McFarland was a member of the Illinois State Medical Society; Morgan County Medical Society, Brainard District Medical Society, the Capital Medical Society, and the American Medical Society. She was also a member and secretary of the Illinois Queen Isabella Medical Association.

==Personal life==
On June 10, 1896, McFarland married Vincent Carroll Cromwell, in Jacksonville, Illinois. They lived at Cromwell place in Lexington, Kentucky, until his death in 1899. On January 2, 1901, also in Jacksonville, she married J. Thompson Sharpe of Port Elizabeth, New Jersey, whose father and grandfather were both physicians. After his marriage, J. Sharpe became the business manager of the Oak Lawn Sanitarium. McFarland had two sons: Vincent Carroll Cromwell, born August 25, 1897; and Maskell McFarland Sharpe, born January 6, 1902.
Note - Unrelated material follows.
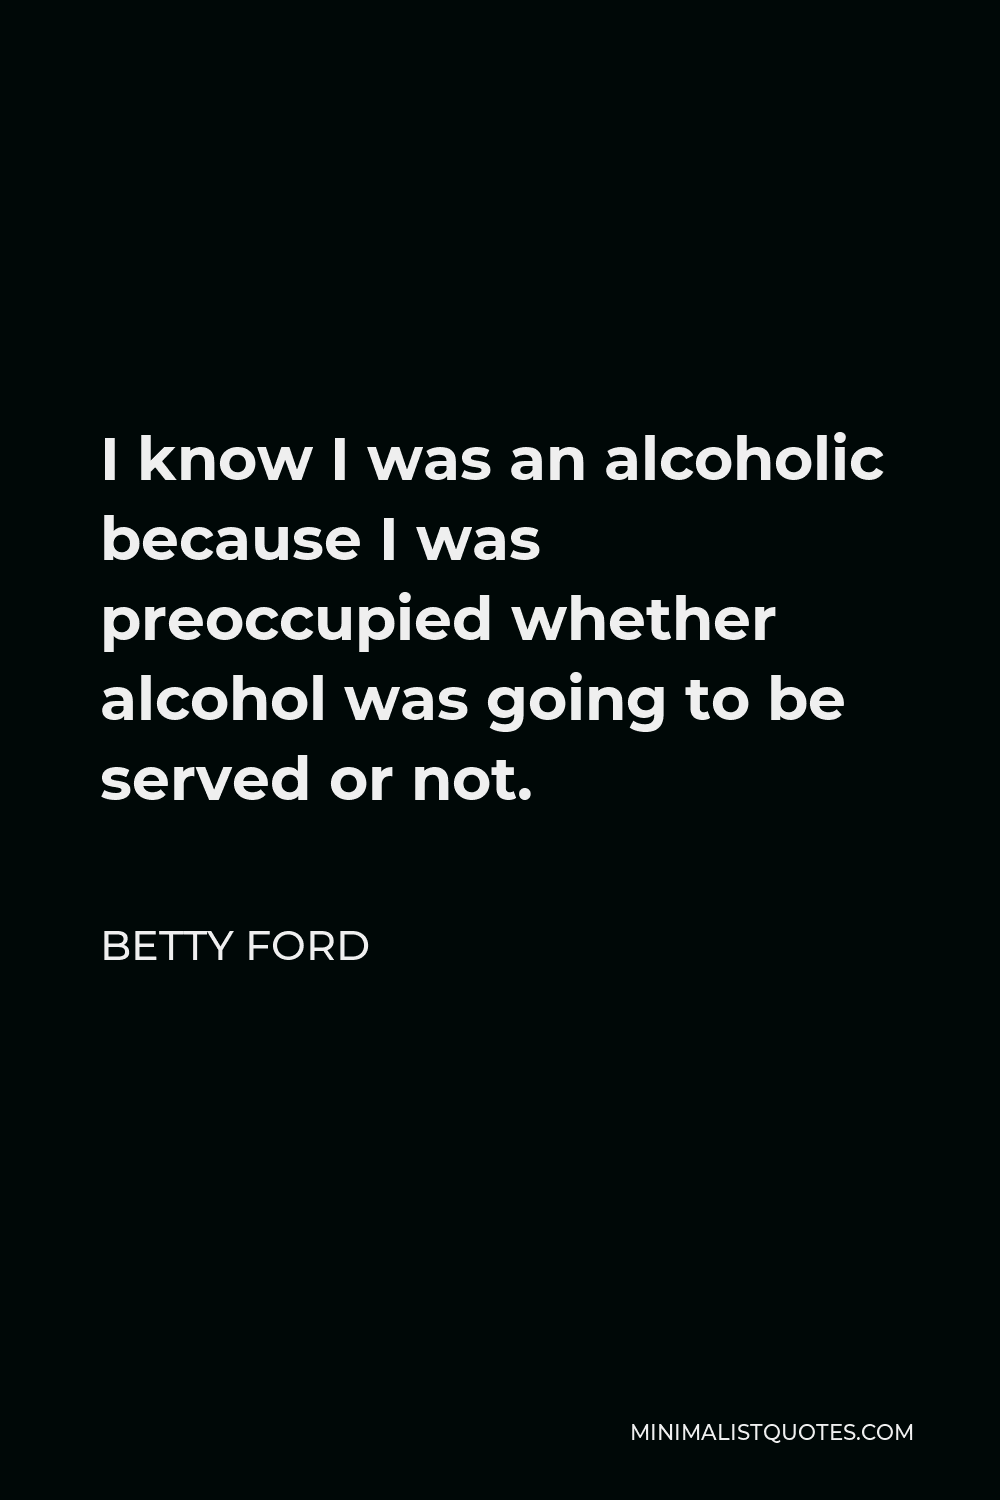 Betty Ford Quote - I know I was an alcoholic because I was preoccupied whether alcohol was going to be served or not.
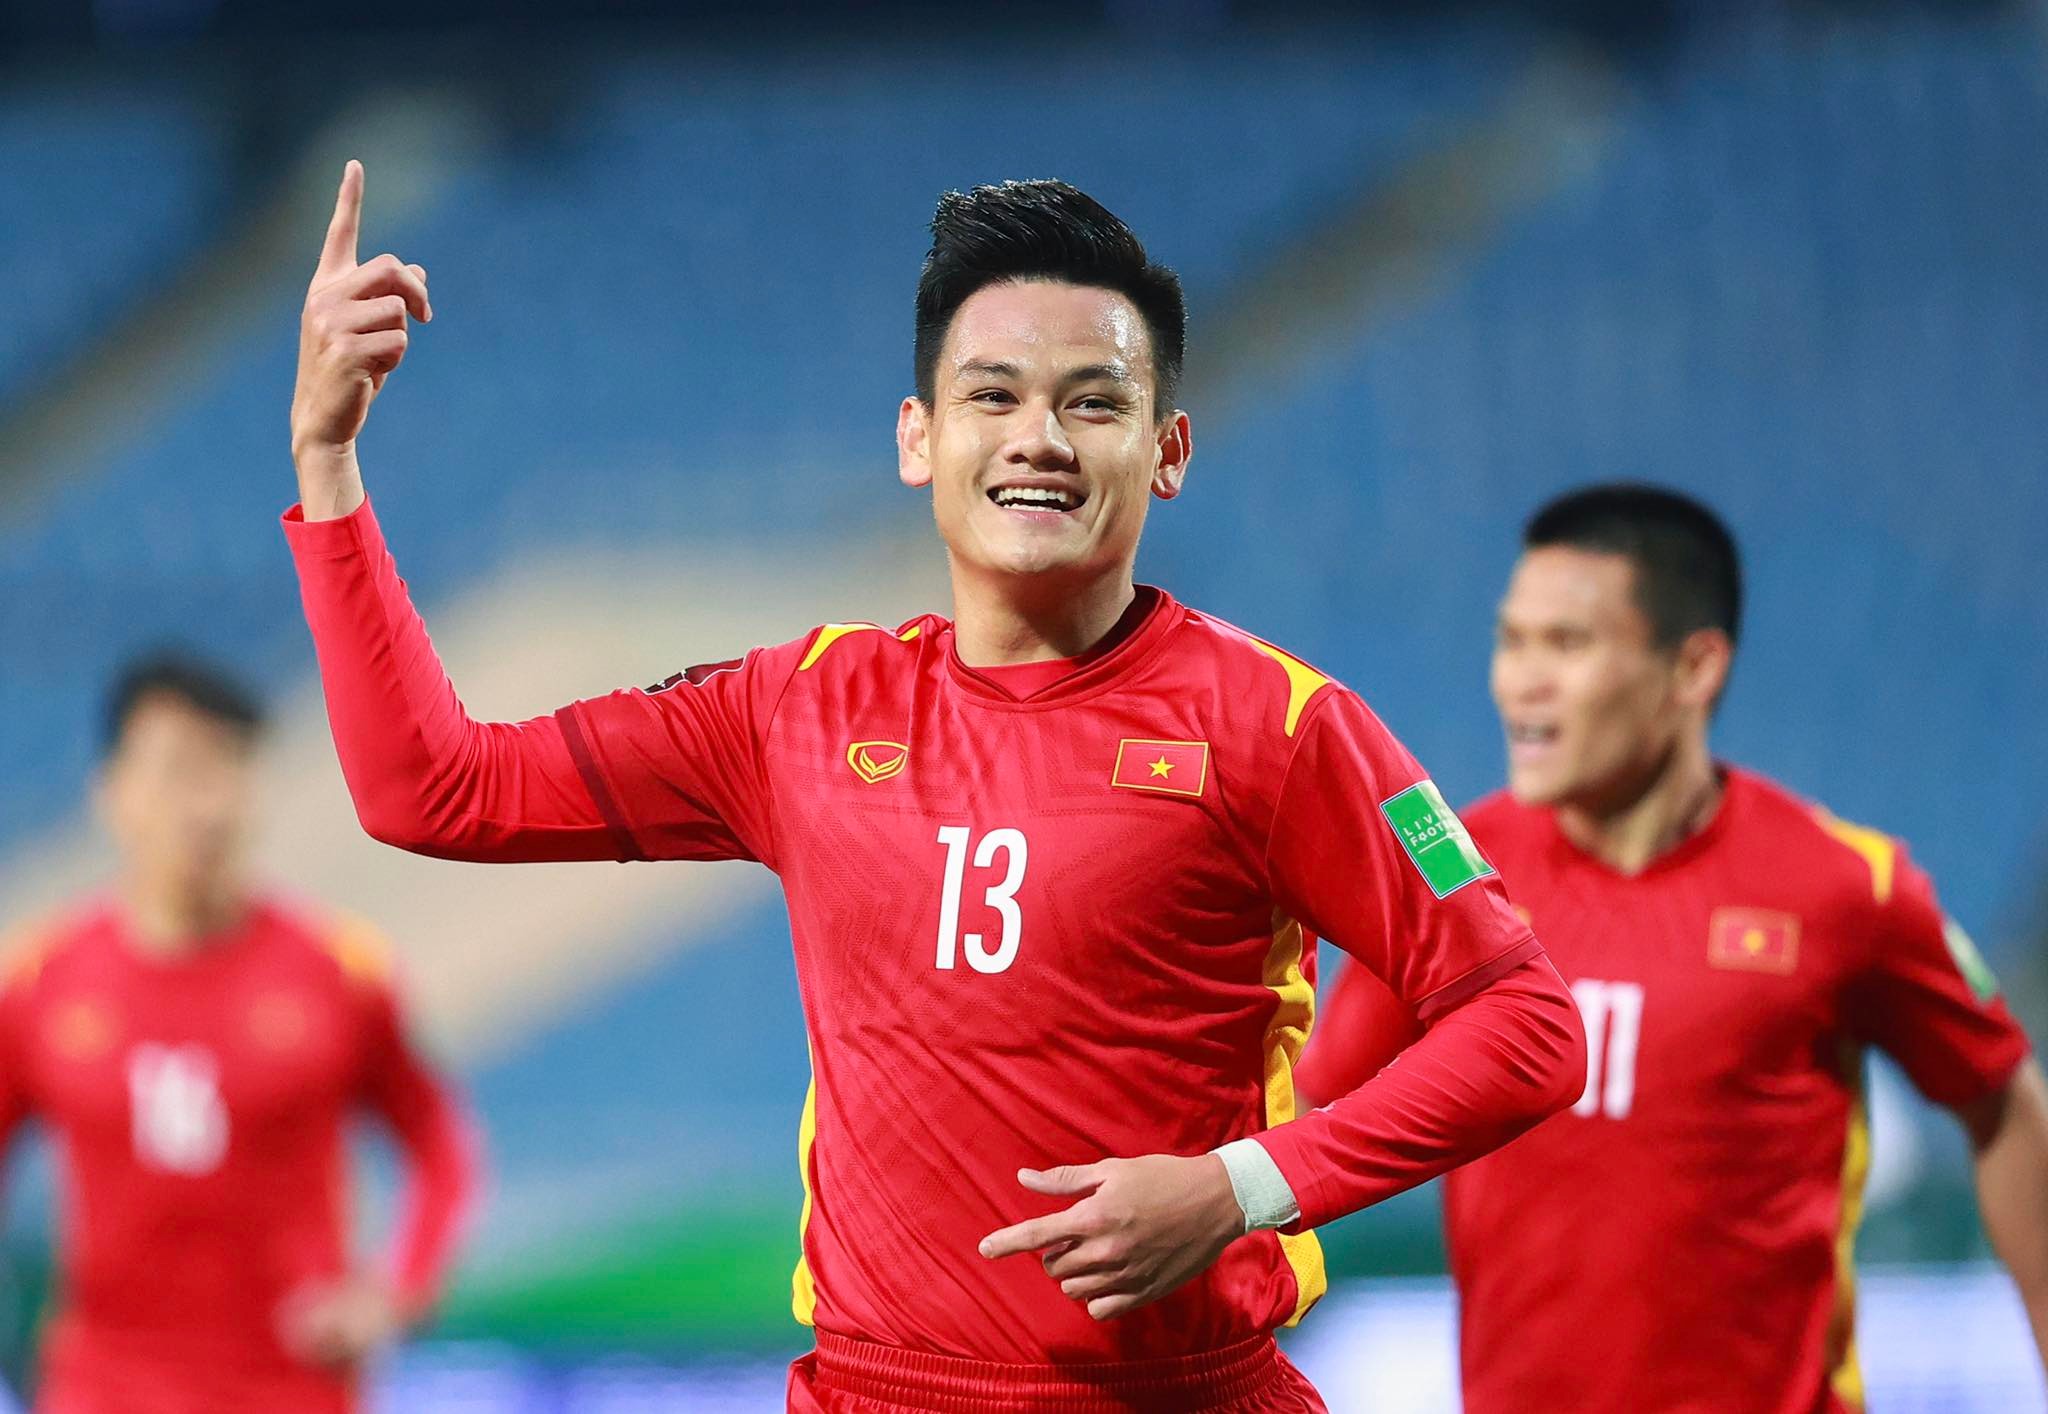 Ho Tan Tai reacts after scoring the first goal for Vietnam in their 2022 FIFA World Cup Asian qualifier against China in Hanoi, February 1, 2022. Photo: Nguyen Khanh / Tuoi Tre

McFarland was a member of the Rector's Aid Society, the Home Economics Club, and the Country Club, as well as an honorary member of “The Fortnightly.” She was also a Colonial Dame and a Daughter of the American Revolution. In religion, she affiliated with the Trinity Episcopal Church.

==Style and themes==
McFarland read a paper, "The Lunacy Law of Illinois", at the Annual Meeting of the Illinois State Medical Society in 1893. The Journal of the American Medical Association reported on it, saying:—
McFarland strongly condemned the existing law, and called attention to the fact that many insane patients who might be easily cured if placed in an asylum at an early stage of the disease were rendered incurably insane through the delay, and the excitement connected with their commitment. She paid her respects to the sensational newspaper reporter who gets committed to an insane asylum for the purpose of writing up alleged abuses. She made a strong plea for a new law which should be more humane in its conditions. Her conclusions are: that the provisions of the present law relating to the commitment of patients to hospitals for the insane seem to be based on the theory that insanity is a crime rather than a disease. That strict forms of legal commitment are followed by a diminution of recent cases and a disproportionate increase of the chronic class, and an increasing tendency to look upon hospitals for the insane as places of illegal detention. That every State should have a law empowering judges to send patients to insane asylums for observation in case of doubt of their sanity. That voluntary commitment should be provided for by the law. That the lunacy law of New York should be adopted by the Illinois legislature.